### WHAT IS BEING ASKED
The entries below contain a line with "The Perfect Gift: Why" and a line with "A French neoclassical". Quote exactly those two lines and all lines between them.

### EXERCISE MATERIALS
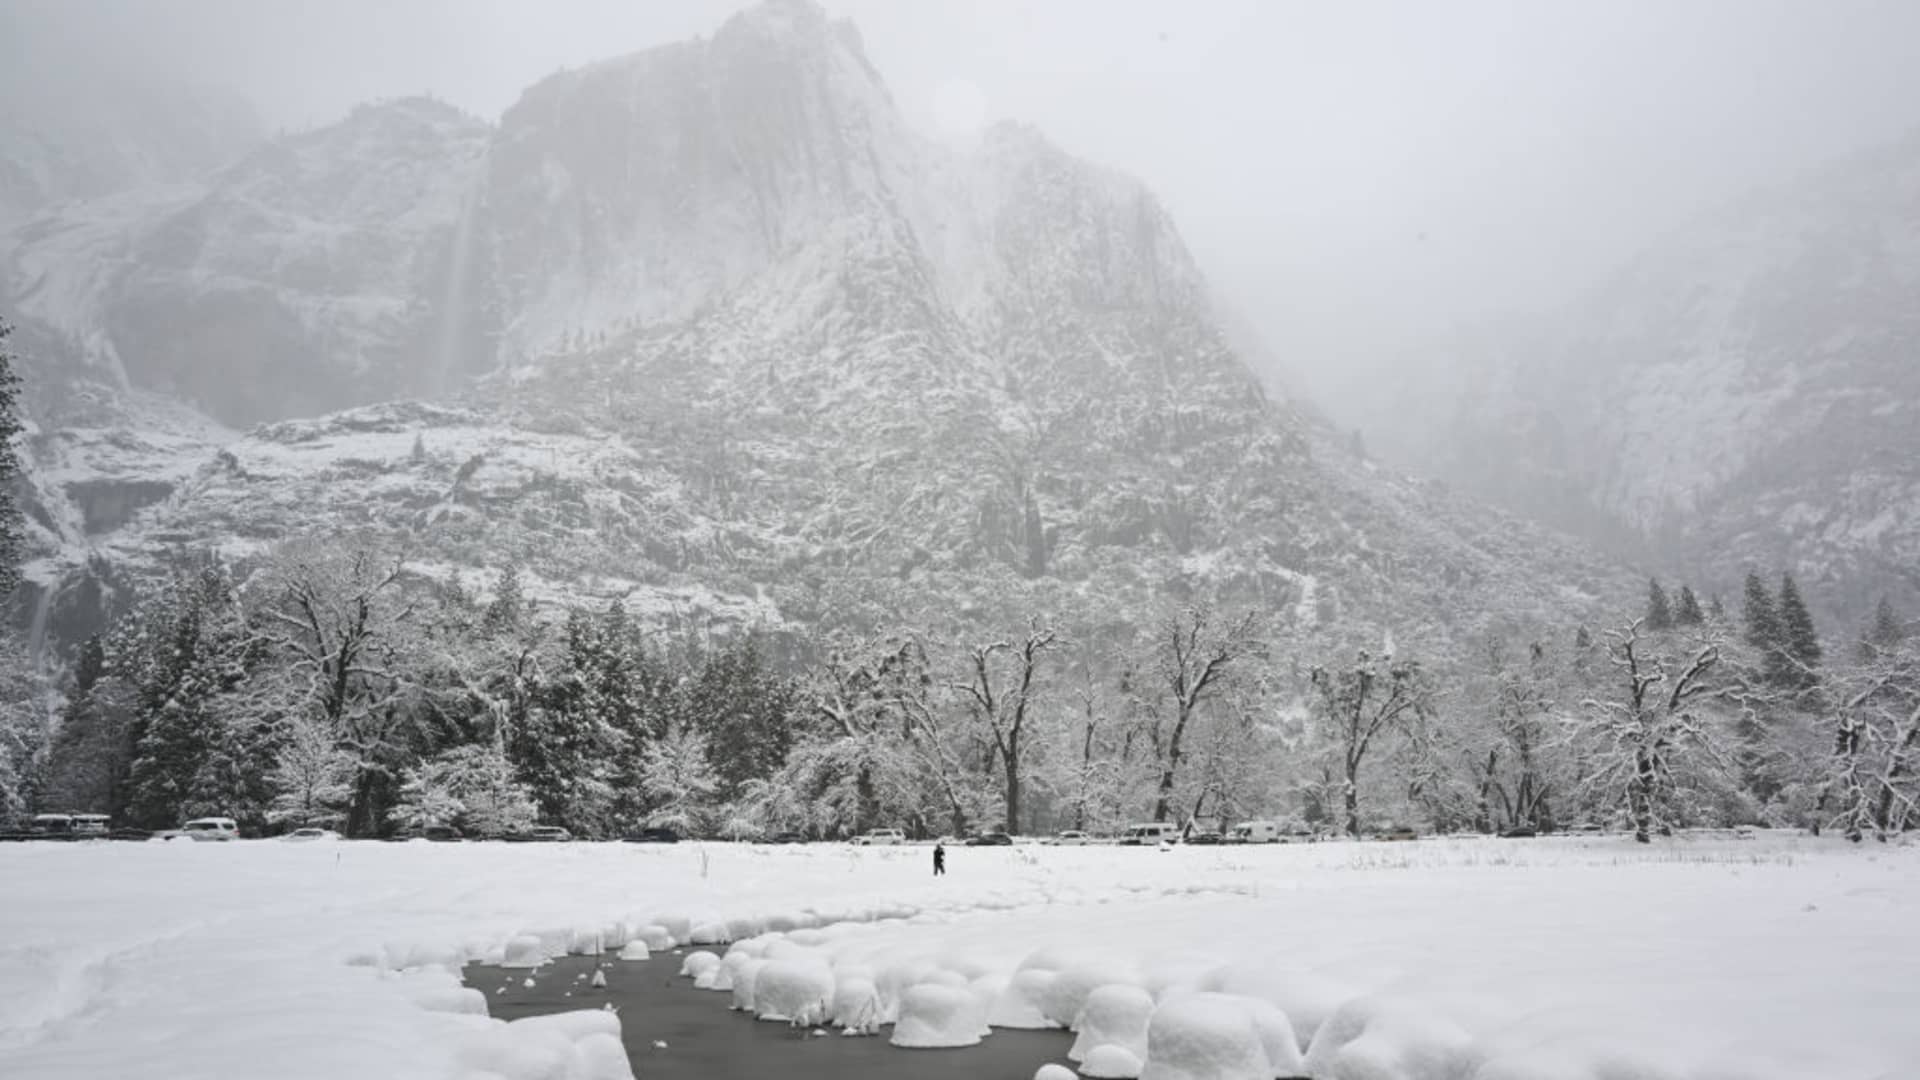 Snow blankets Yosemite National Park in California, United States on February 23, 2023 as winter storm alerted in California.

==

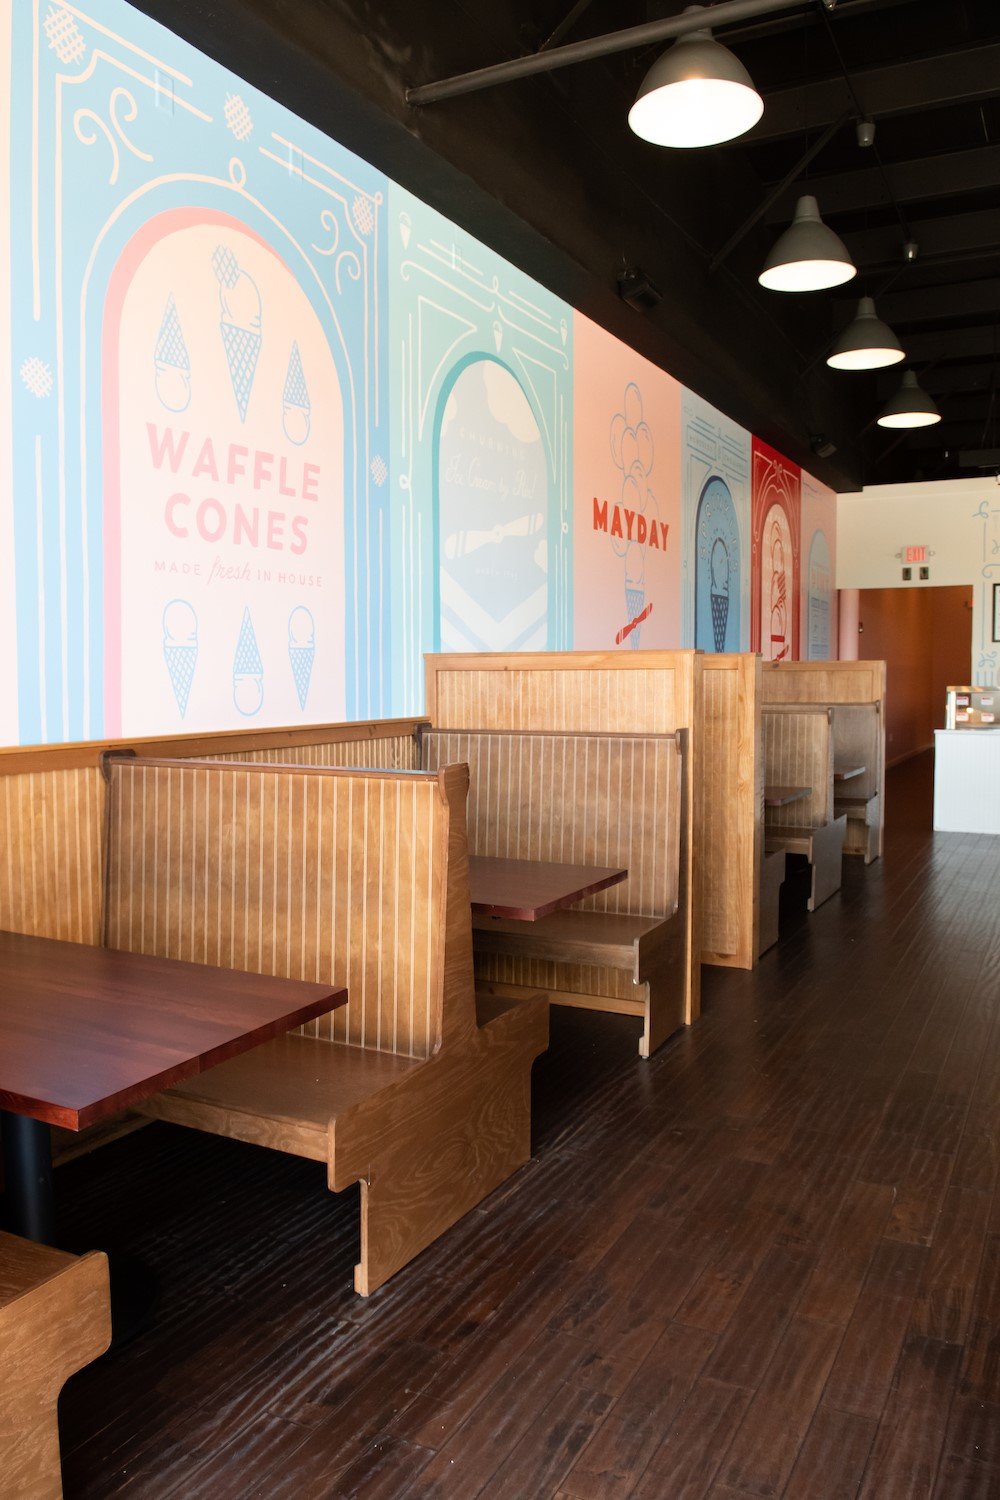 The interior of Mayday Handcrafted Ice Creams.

...

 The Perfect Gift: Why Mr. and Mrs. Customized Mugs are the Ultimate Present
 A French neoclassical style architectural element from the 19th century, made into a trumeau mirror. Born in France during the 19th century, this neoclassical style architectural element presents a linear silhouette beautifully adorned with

### TASK RESULT
 The Perfect Gift: Why Mr. and Mrs. Customized Mugs are the Ultimate Present
 A French neoclassical style architectural element from the 19th century, made into a trumeau mirror. Born in France during the 19th century, this neoclassical style architectural element presents a linear silhouette beautifully adorned with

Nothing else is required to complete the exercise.